Rusya-Ukrayna savaşı ile bölgesel sorunların tam ortasında kalmasına rağmen Türkiye’nin bu meseleden bile güç elde ettiğini...
Ortaya koyduğu Mavi Vatan doktrini ile dost düşman herkesin takdirini topladığını...
Bu tez ile kendi topraklarına ve Kuzey Kıbrıs Türk Cumhuriyeti’nin haklarına düşülen şerhi kaldırdığını...
Libya’da destan yazdığını...
Yapılan ülkeler arası anlaşmalarla Akdeniz’e adeta ambargo koyduğunu...
Teknolojide açılan çığırı...
Savunma sanayisinde yapılan atılımları...
İHA ve SİHA teknolojileri ile dünya savaş stratejilerine yenilikler getirildiğini...
Bize F-35 savaş uçaklarını vermeyen ABD’nin karşısına “Kızılelma” projesi ile çıktığını...
İşgalci Ermenistan’ın Can Azerbaycan mücahitleri tarafından kendi sınırlarına doğru itilirken, SİHA’larımızla adeta teknolojik şov yaptığını...
Karadeniz’de bulunan doğal gaz ile senede dışa ödenen neredeyse 350 milyar dolarlık bütçenin kasamızda kalacağını...
Gabar başta olmak üzere ülkenin dört bir yanında fışkıran petrolün milletin hizmetine sunulduğunu...
Şehir hastaneleri ile ülkede bir sağlık devrimi yaşandığını...
60 yıllık hasretimiz olan yerli ve milli otomobile, “Devrim otomobilinden, devrin otomobiline” denilerek kavuşulduğunu...
İslam ümmetinin en büyük gönül yarası olan Ayasofya’nın yeniden ve tamamen ibadethane olarak açıldığını...
Yurt içi ve dışında düzenlenen törer operasyonları ile dosta güven, düşmana korku salan bir devlet imajı çizildiğini...
Bu millet çok iyi görüyor...
Ekonomik krize gelince...
Bugün sokaktan geçen herhangi bir çocuğa sorsak ki; Türkiye’nin ekonomik sorunları neden kaynaklanıyor diye, alacağımız cevap “Abi dışarıdan büyük baskı var” şeklinde olacaktır.
Bu durum herkesin malumudur.

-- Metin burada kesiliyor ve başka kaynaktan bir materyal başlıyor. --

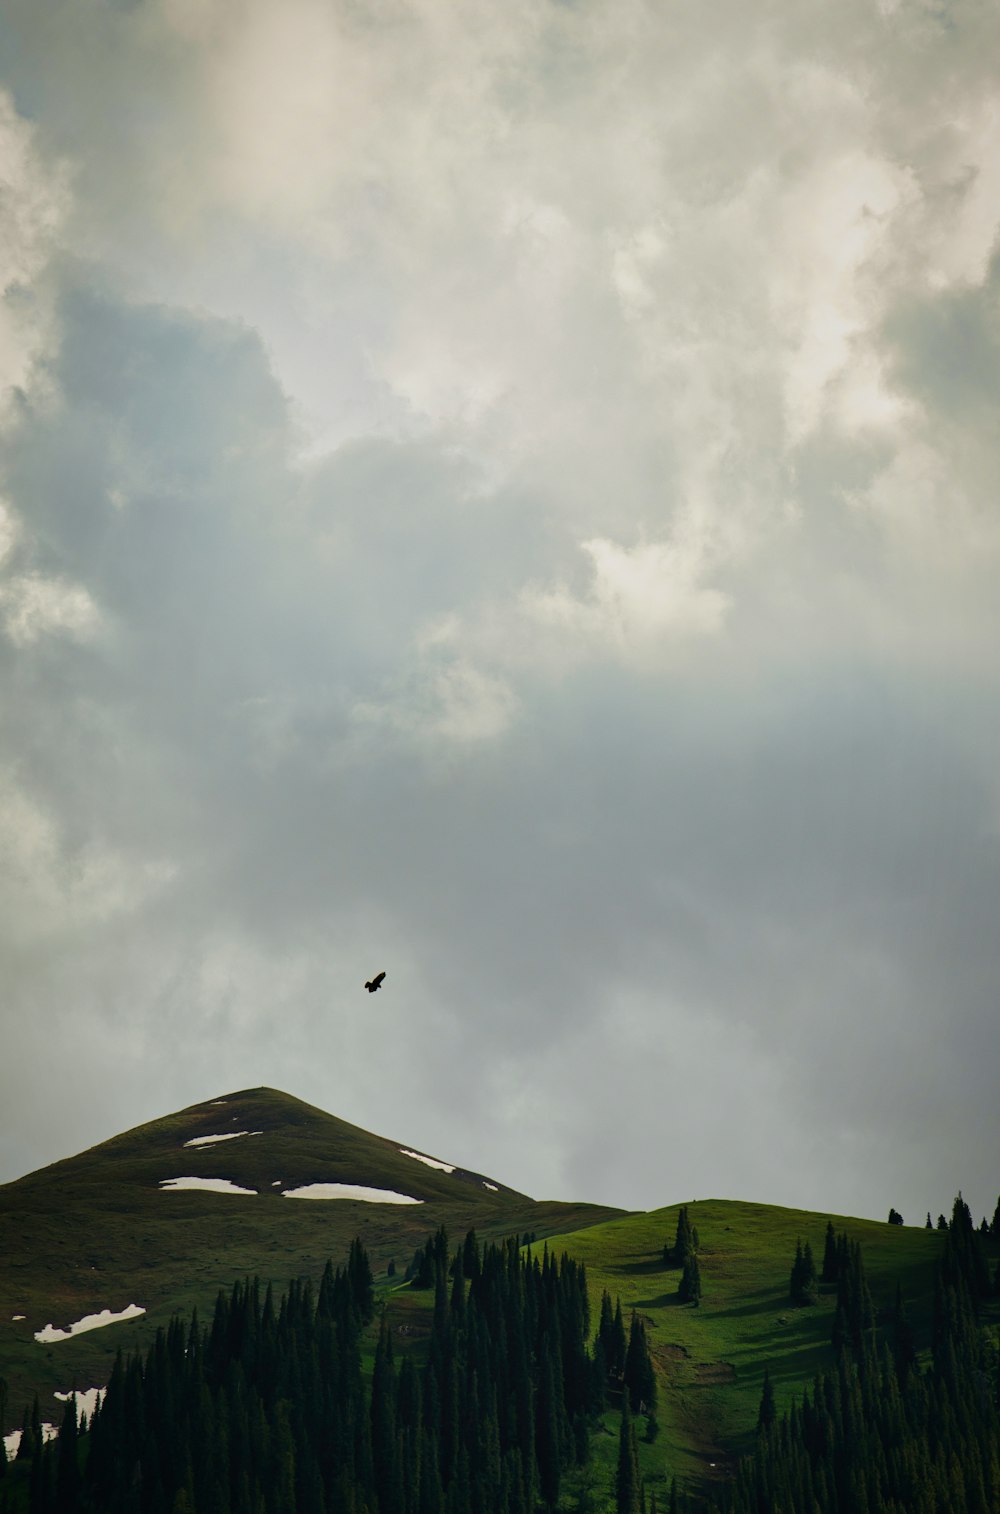 Un pájaro volando sobre una exuberante ladera verde bajo un cielo nublado

Ama buna rağmen devlet yine büyüklüğünü gösterdi, milletini bu krizin altında ezdirmedi. Çünkü bu devlet geçen 21 yılda yeniden tarihini ve büyüklüğünü hatırladı. “İnsanı yaşat ki; devlet yaşasın” anlayışı devletin tüm kademelerine sirayet etmesi gerektiğini gördü.
Şunu da belirtelim; Türkiye’de yaklaşık 21 yıldır sağlanan devlet ve millet birlikteliği şimdi yerini CİHAN DEVLETİNE bırakmak üzeredir. Bugün yaşanan sosyal, siyasal ve ekonomik sıkıntıların tamamında bu doğumun sancıları yaşanmaktadır.
Türkiye artık kabına sığmayan bir devlet haline gelmiştir. Terörle iç içe olmuş, ya da onlardan direkt ya da dolaylı olarak destek alan kim varsa milletle karşı karşıya gelmiş demektir.
Toplum bunu kaldırmaz. 40 küsür yıldır yaşanan teröre 40 binden fazla insanımızı şehit vermişken, bugün siz o terör belasından medet umar hale gelirseniz, bunu millet görür ve yeniden ve tereddütsüz şekilde tarafını devletinden yana koyar.
17-25 Aralık’ta milletin AK Parti’ye ve Erdoğan’a desteği böyle bir şeydi...
15 Temmuz’daki şanlı direniş böyle bir şeydi...
Ve 14 Mayıs’ta sandıktan çıkan sonuç da yine aynı anlamı taşımaktaydı...
Şuna emin olun ki; 28 Mayıs’ın sonucu da bunlardan farklı olmayacaktır.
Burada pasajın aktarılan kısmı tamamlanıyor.